Neural Co-Optimization of Structural Topology, Manufacturable Layers, and Path Orientations for Fiber-Reinforced Composites
Tao Liu, Tianyu Zhang, Yongxue Chen, Weiming Wang, Yu Jiang, Yuming Huang, Charlie C. L. Wang
TL;DR
This work presents a neural co-optimization framework that jointly optimizes structural topology, curved manufacturing layers, and fiber orientations for fiber-reinforced composites using three implicit neural fields. By embedding strength-based Hoffman criteria and manufacturability constraints as differentiable losses, the approach yields designs that achieve higher failure loads while remaining fabricable on multi-axis filament printers. The method supports varying motion degrees of freedom (5-axis, 3-axis, 2.5-axis) and demonstrates up to 33.1% improvement in measured failure loads over sequential optimization in physical tests. Extensive computational experiments, ablations, and physical fabrication validate the effectiveness of co-optimization in balancing mechanical performance with manufacturing feasibility. The framework is general, extensible to shape control, and highlights key trade-offs between stiffness-based and strength-based design in anisotropic, additively manufactured composites.
Abstract
We propose a neural network-based computational framework for the simultaneous optimization of structural topology, curved layers, and path orientations to achieve strong anisotropic strength in fiber-reinforced thermoplastic composites while ensuring manufacturability. Our framework employs three implicit neural fields to represent geometric shape, layer sequence, and fiber orientation.
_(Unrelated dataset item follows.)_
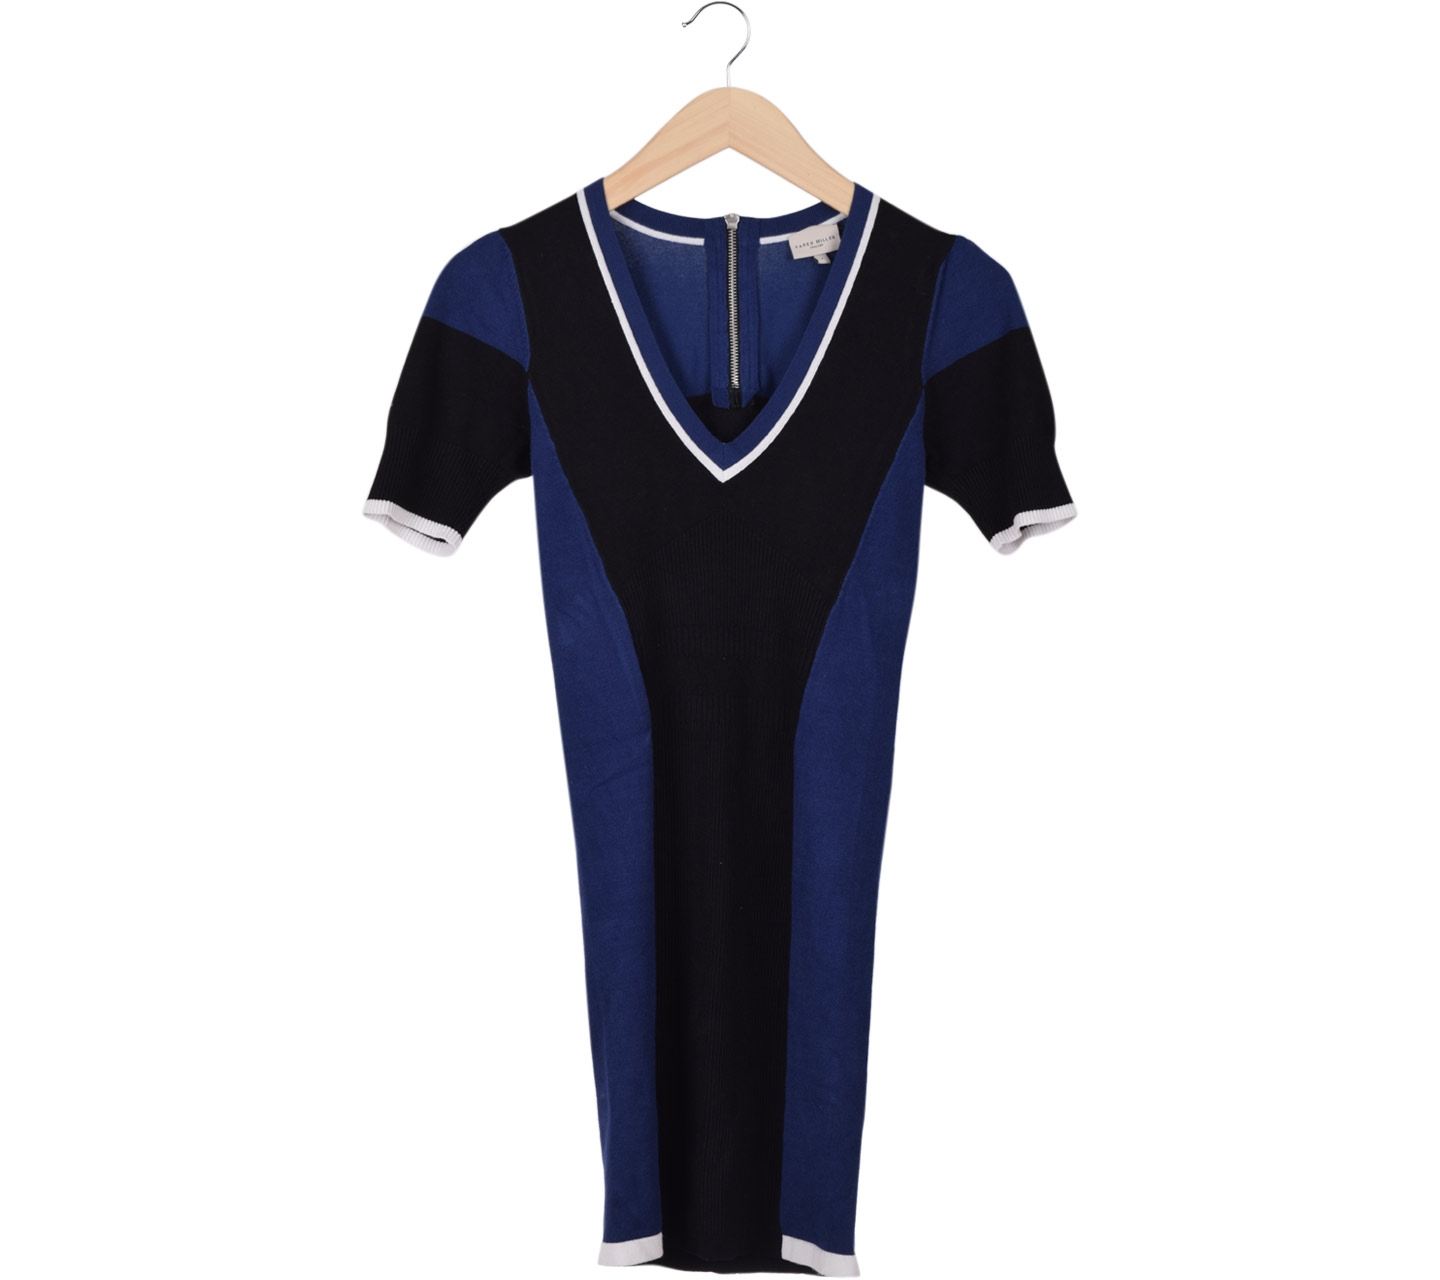 Karen Millen Blue And Black Knitted Mini Dress

This enables the direct formulation of both design and manufacturability objectives - such as anisotropic strength, structural volume, machine motion control, layer curvature, and layer thickness - into an integrated and differentiable optimization process. By incorporating these objectives as loss functions, the framework ensures that the resultant composites exhibit optimized mechanical strength while remaining its manufacturability for filament-based multi-axis 3D printing across diverse hardware platforms. Physical experiments demonstrate that the composites generated by our co-optimization method can achieve an improvement of up to 33.1% in failure loads compared to composites with sequentially optimized structures and manufacturing sequences.